Fig. 5. Recombinant virus with M K14/K15 mutations shows increased pathogenesis.

Vero E6 (a, b) or Calu-3 (c, d) infected with SARS-Cov-2 WT or M-K14/15R MOI 0.1 and 1, respectively. Viral titers (a, c) and viral RNA by qPCR (b, d). Two-way ANOVA Tukey’s multiple comparisons (****p < 0.0001, ***p = 0.001, p = 0.0007). e Ratio of cells in apoptosis Apotracker⁺ normalized by viral titers (Apotracker⁺/PFU) in Calu-3 cells. Data were representative of two independent experiments, each with two biological replicates. Multiple T-test comparison (***p = 0.003). f–h WT C57BL/6J male mice infected with SARS-CoV-2 WT (n = 8) or M-K14/15R mutant viruses (n = 10) and mock (n = 5). f viral titers in lung (n = 4), two-tailed t-test analysis (*p = 0.036). g weight loss curve. Two-way ANOVA Tukey’s multiple comparisons (*p = 0.02, **p = 0.001). h Ratio of cells in apoptosis in the lung (Apotracker⁺/PFU, n = 4)^. Two-tailed t-test analysis (*p = 0.02). i Viral titers of HEK293T-hACE-2 cells transfected with 200 ng of TRIM7 WT or TRIM7 ΔRING and infected with SARS-CoV-2 WT or M K14/15R at MOI 0.1 (bottom panel shows immunoblot for TRIM7). Two-way ANOVA Tukey’s multiple comparisons (****p < 0.0001, ***p = 0.0007). WT (n = 8, 6 males, 2 females) and Trim7^−/− (n = 9 and 11, 7 or 9 males and 2 females) infected with SARS-CoV-2 WT or M-K14/15R and euthanized at day 3. j Lung viral titers are combined data from two independent experiments (*p = 0.038, 0.016). k Total number of cells in apoptosis (CD45 ⁺Apotracker⁺) are representative of 1 of the 2 independent experiments shown in (j). Mock n = 3/group, SARS-CoV-2 WT n = 4 in WT and 3 in Trim7^−/− mice. M K14/15R virus n = 4 in WT and 3 in Trim7^−/−. One-way ANOVA Tukey’s multiple comparisons (*p = 0.014, ***p = 0.0002). Data were depicted as mean ± SEM. DPI days post infection. Source data are provided in the Source data file.

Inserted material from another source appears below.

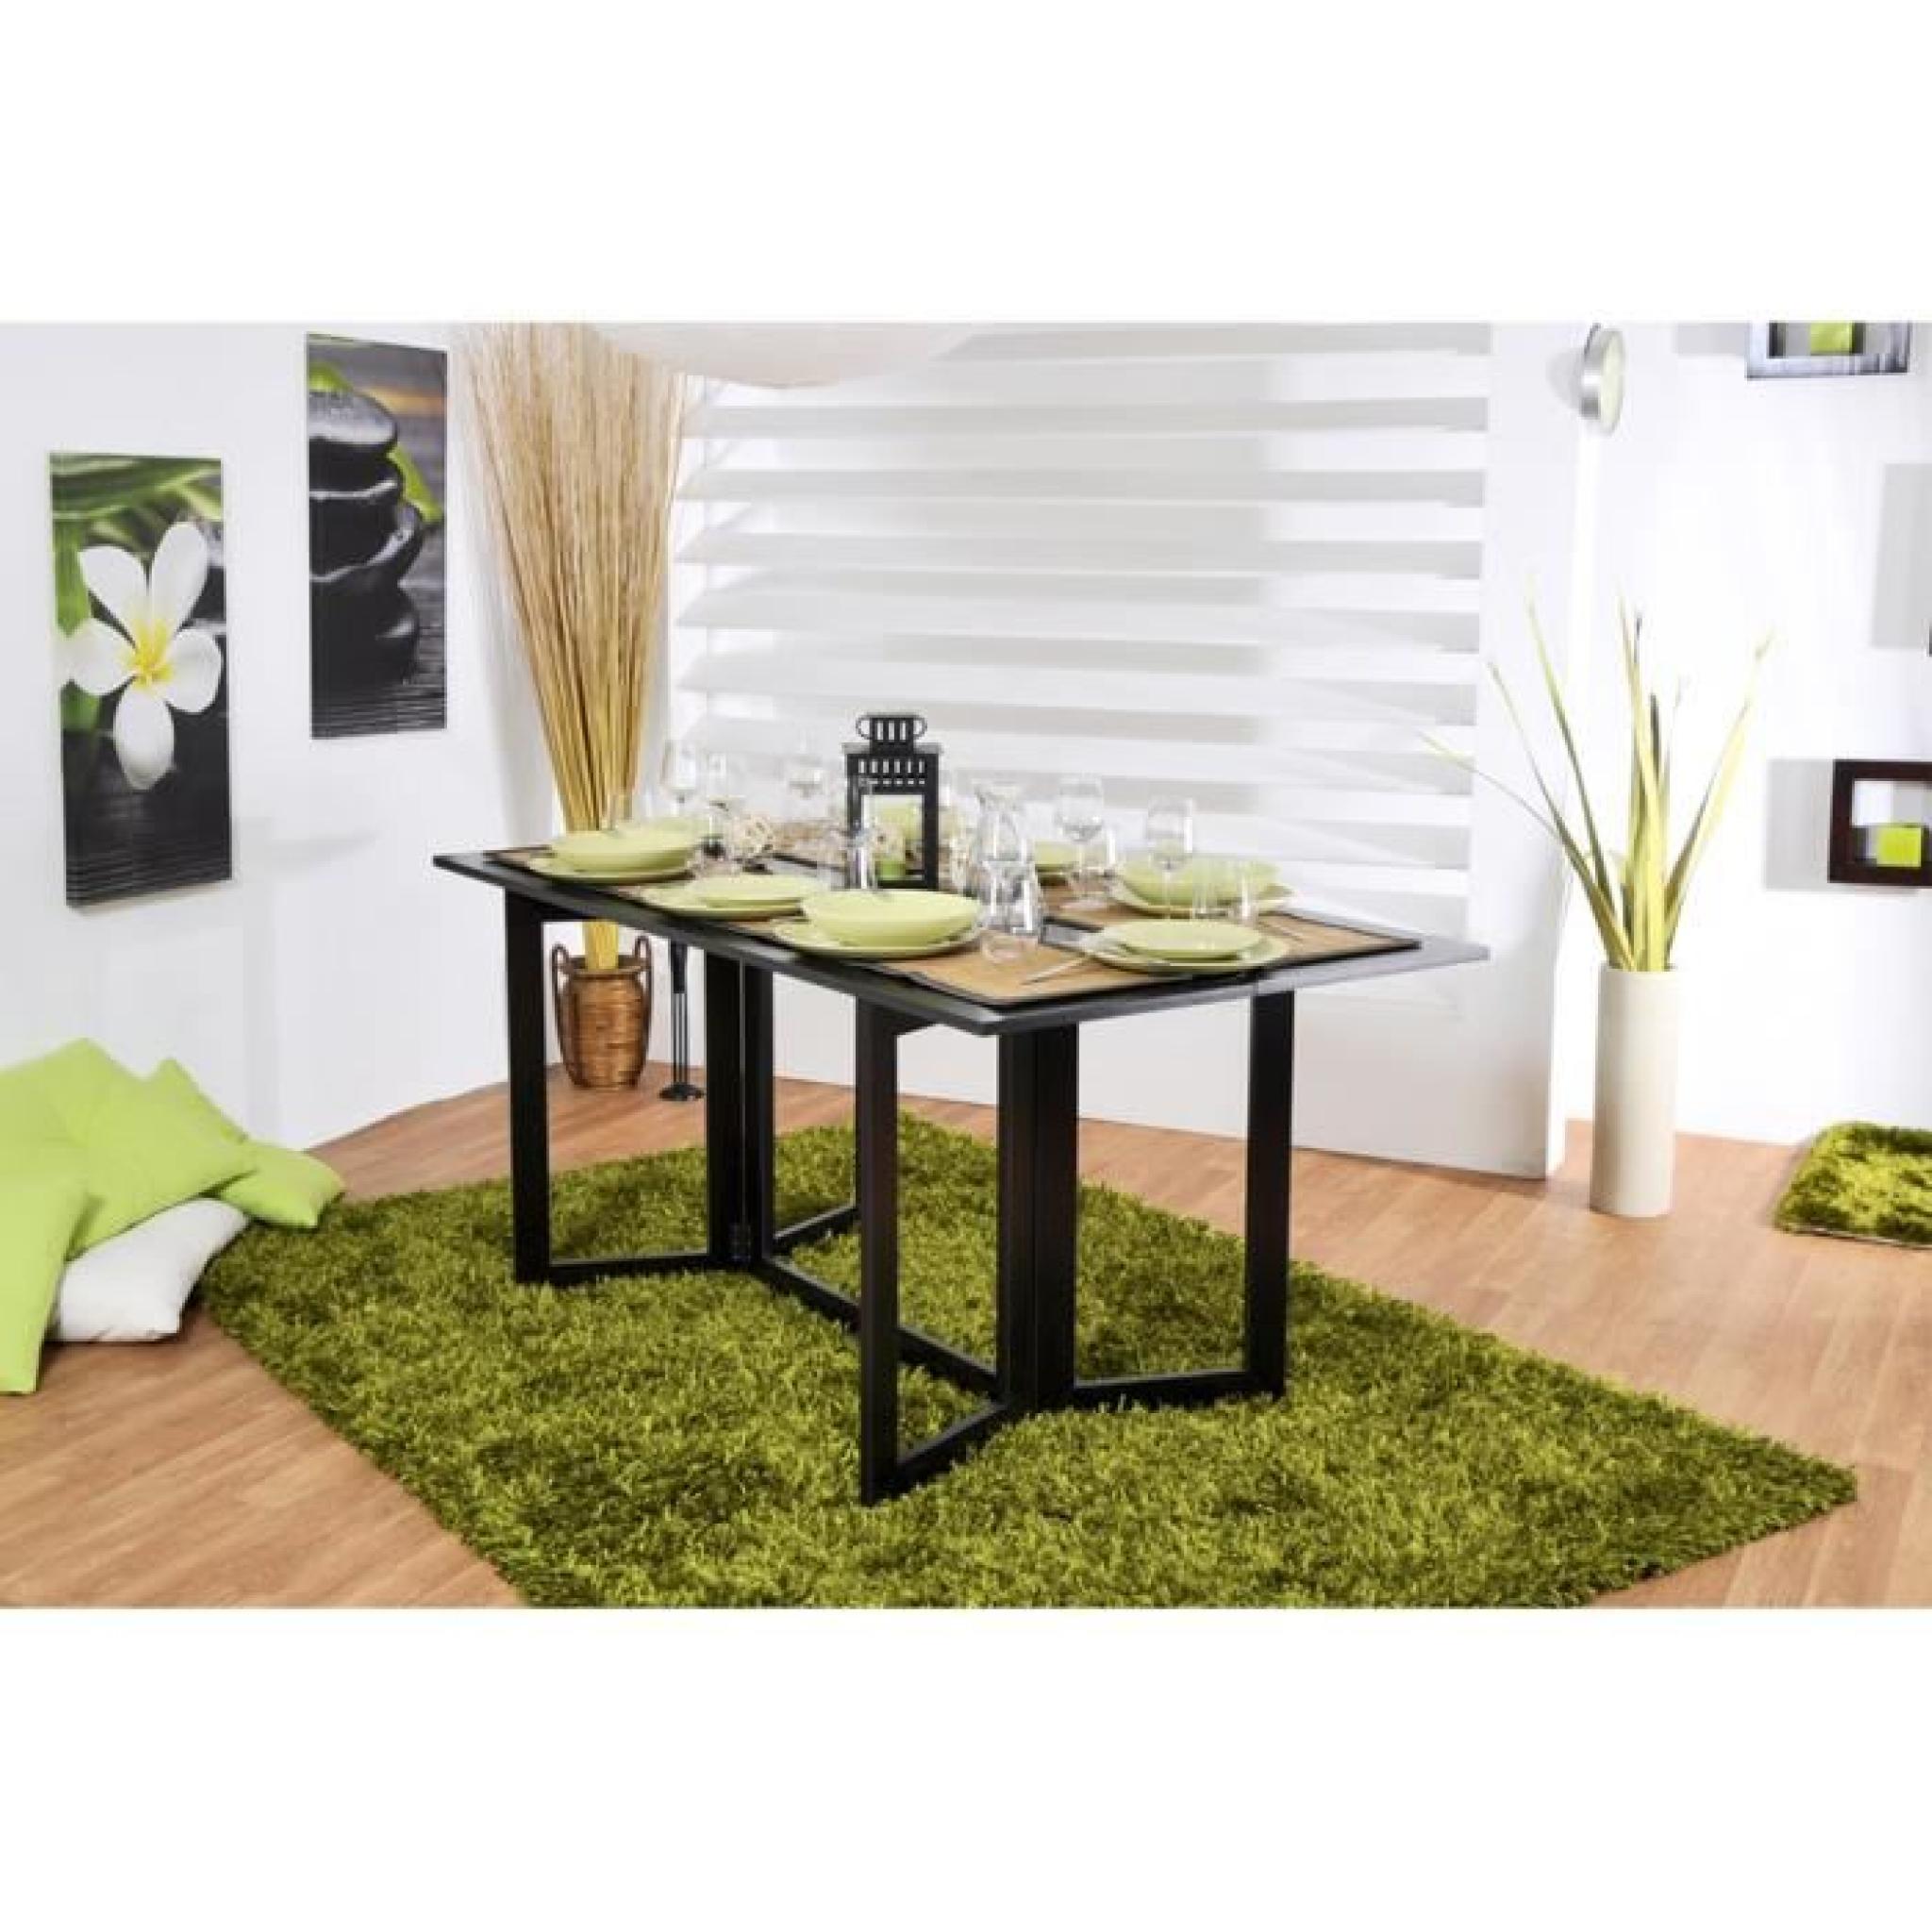 table console rabattable weng espa achat vente console. Black Bedroom Furniture Sets. Home Design Ideas

Fig. 6. TRIM7 mediates its antiviral effects by inhibiting caspase-6 activation.

a Viral titers of HEK293T-hACE-2 cells overexpressing TRIM7 WT and infected with SARS-CoV-2 WT or M-K14/15R at MOI 0.1 and treated with vehicle (DMSO) or 50 μM of Z-VEID-FMK 24 h post infection. Two-way ANOVA Tukey’s multiple comparisons (****p < 0.0001). b Western blot analysis of A549 WT and TRIM7 KO cells transfected with SARS-CoV-2 N protein or empty vector and treated with Staurosporine (STS) *indicates a cleaved form of N (blot is representative of two independent experiments). c Weight loss of WT female mice infected intranasally with SARS-CoV-2 WT, treated intraperitoneally with caspase-6 inhibitor or vehicle. Mock (n = 6 each) vehicle (n = 5) or Z-VEID-FMK (n = 6). Two-way ANOVA Tukey’s multiple comparisons (*p = 0.03) (d) weight loss Trim7^−/− female mice infected as in (c), vehicle mocks (n = 5 each) infected vehicle (n = 4) or Z-VEID-FMK (n = 6). e Viral titers in lung (WT n = 5 and 6, Trim7^−/− n = 5 and 4, respectively). One-way ANOVA Tukey’s multiple comparisons (**p = 0.002, p = 0.003, *p = 0.02). f IFN-β mRNA multiple T-test comparison (***p = 0.0003, **p = 0.001). g ISG54 mRNA expression levels in the lung. One-way ANOVA Tukey’s multiple comparisons (*p = 0.03, p = 0.01, ***p = 0.0002, ****p < 0.0001). h Scheme of the multiple functions of TRIM7 during SARS-CoV-2 infection. Data were depicted as mean ± SEM. DPI days post infection, CoV-2 SARS-CoV-2. Source data are provided in the Source data file.